Curious what the lathe is. My first thought was something really small, Chinese mini-lathe or maybe an Atlas 6", but what I see in the photos looks more substantial like a vintage 9" or 10" South Bend or Logan maybe? Certainly makes breaking it that way even more surprising.
 
Curious what the lathe is. My first thought was something really small, Chinese mini-lathe or maybe an Atlas 6", but what I see in the photos looks more substantial like a vintage 9" or 10" South Bend or Logan maybe? Certainly makes breaking it that way even more surprising.
Logan 9", not sure of vintage, I believe it's from the early '60s.

I just torqued head bolts last week with a calibrated torque wrench so I have valid de-facto calibration cert on my right arm, and according to its muscular strain gauge the thing broke at around 30ft-lbs. I was surprised too, still am.

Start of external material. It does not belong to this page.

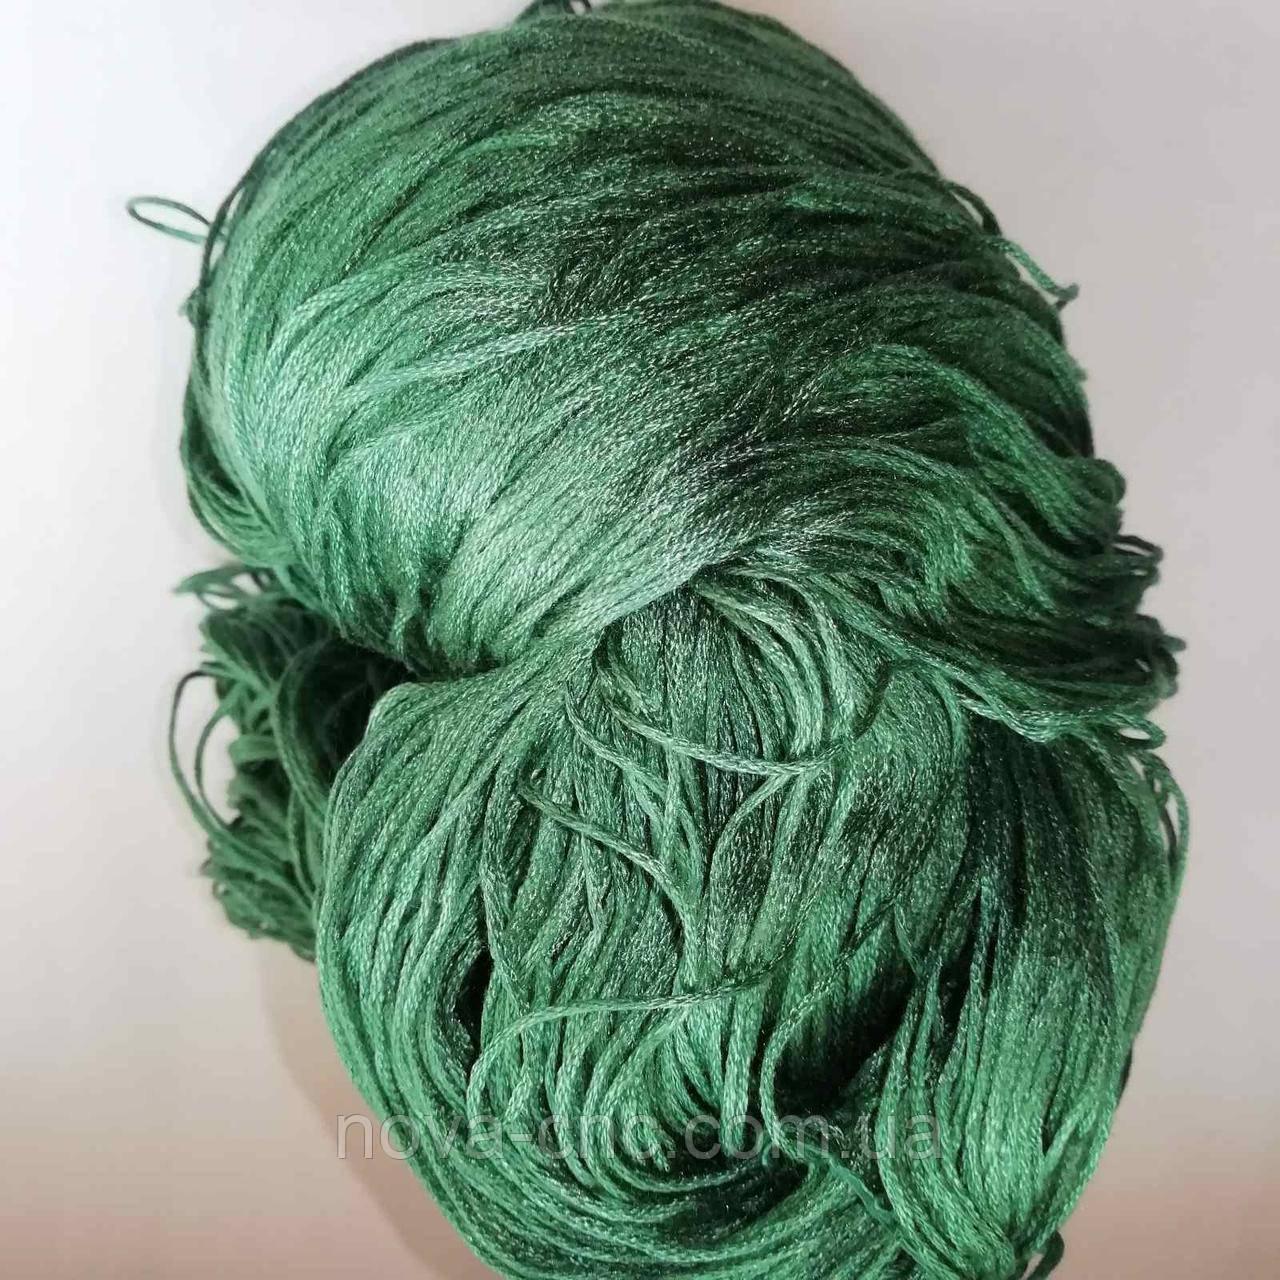 Нитки Муліне Колір зелений упаковка 248г.

I think something had to have been jammed in there to upset the balance of forces and make it break. I'm sure I've put more torque than that on it before and it didn't break.
 
Yeah, super glue (CA glue). It probably won't help; if it holds, it will be the bolts holding it, but putting the glue on there was an added step that let me feel like I did everything I could to keep it together.

On the other hand, super glue has been known to be sufficient for temporarily holding workpieces to faceplates and such, so, ... maybe it was worthwhile? Yeah, I'm going to go with that. It was totally worth my time.